--- START ---
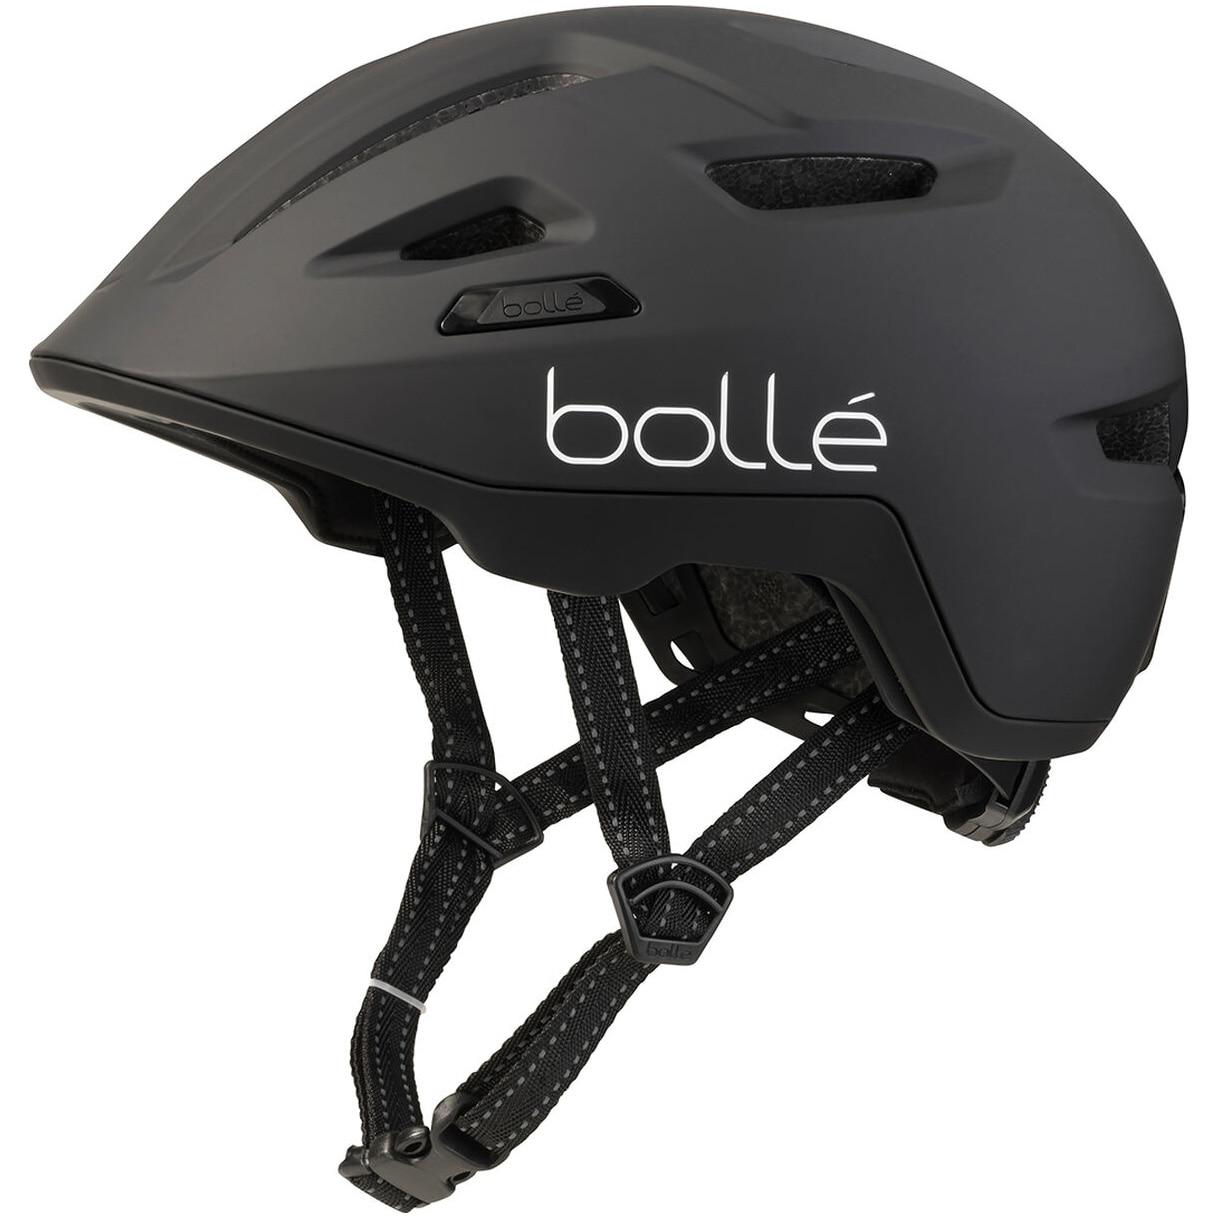 Fotografie Casca ciclism Bolle Stance Matte Black, 55-59cm
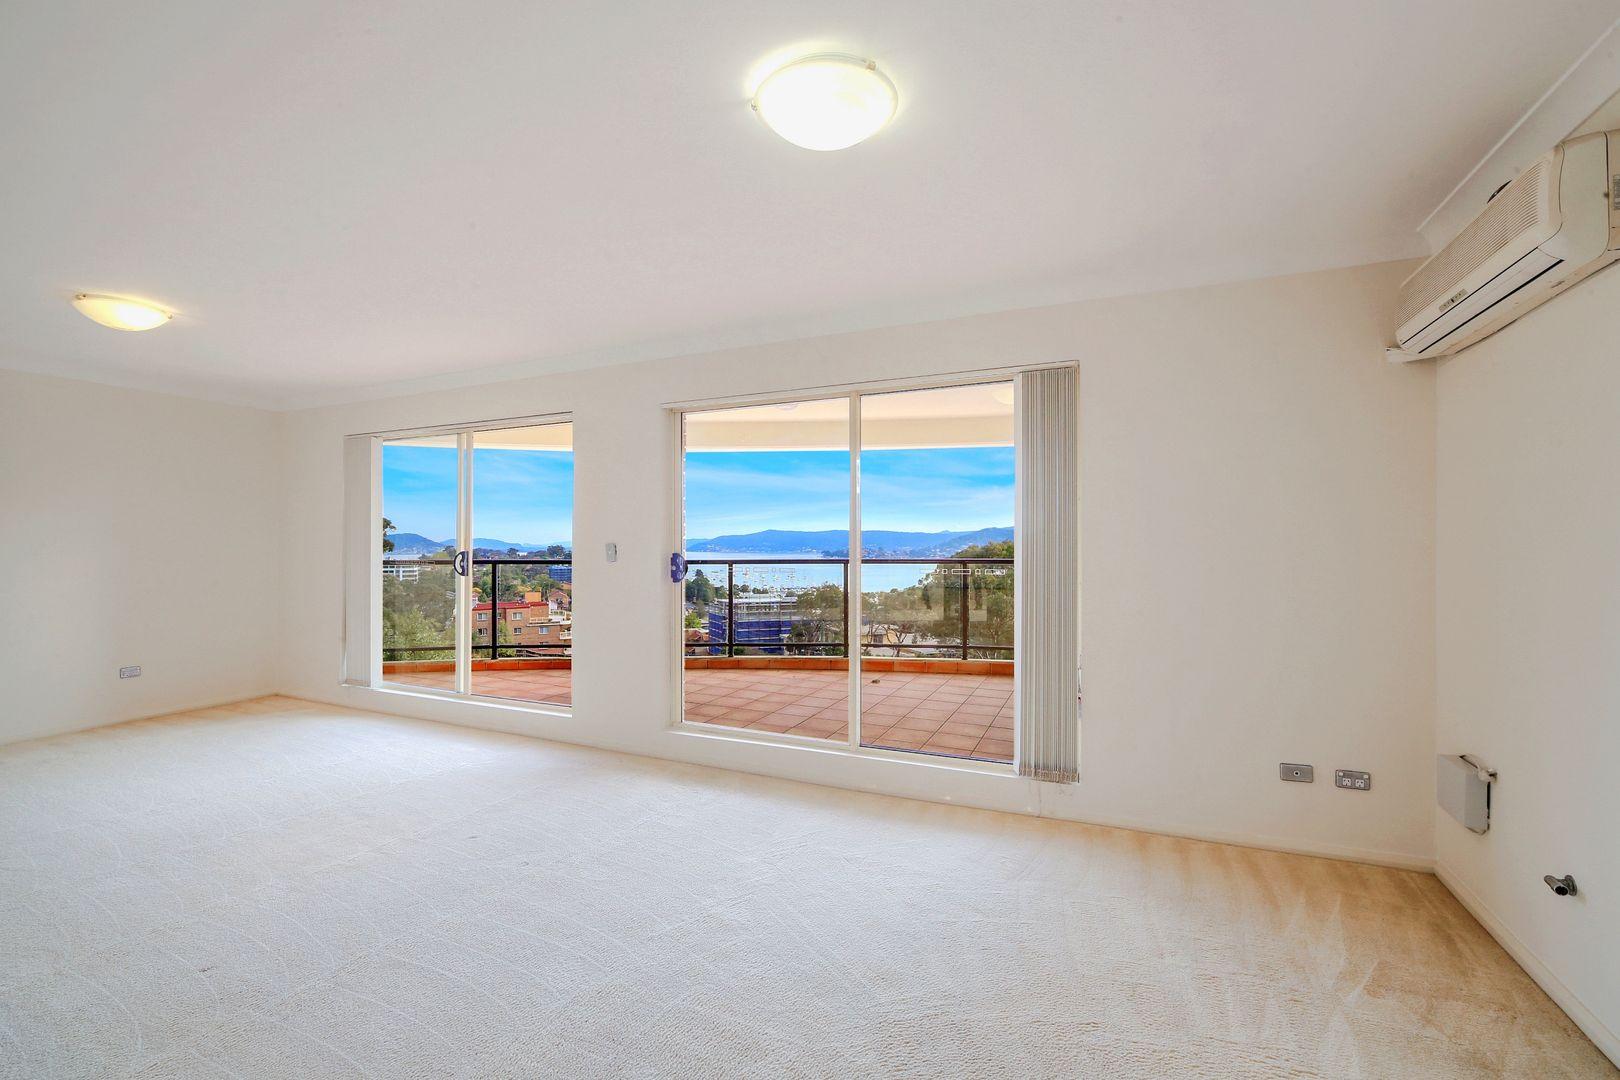 44/92 John Whiteway Drive, Gosford NSW 2250, Image 2
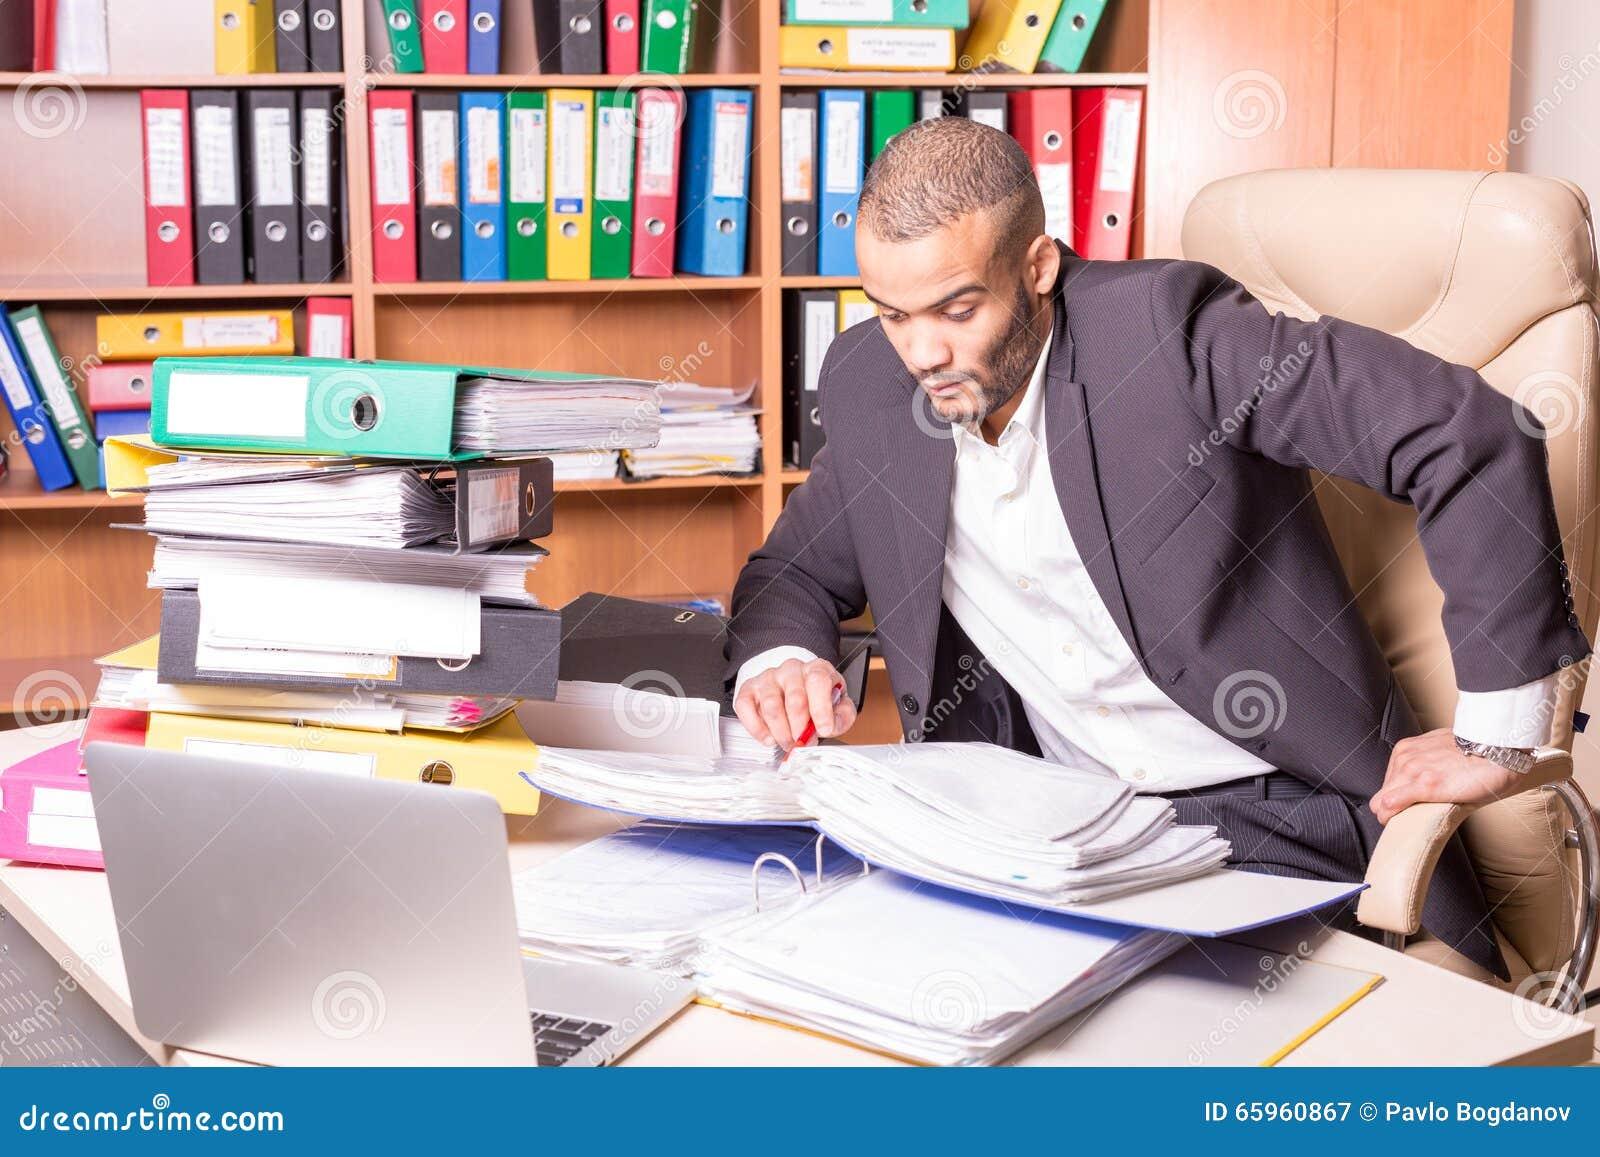 Uomo molto occupato in ufficio
--- END ---
EXERCISE GOAL - From the first line to the last, repeat the material exactly, but drop the pictures.

SOLUTION TO THIS PROBLEM -
 Fotografie Casca ciclism Bolle Stance Matte Black, 55-59cm
 44/92 John Whiteway Drive, Gosford NSW 2250, Image 2
 Uomo molto occupato in ufficio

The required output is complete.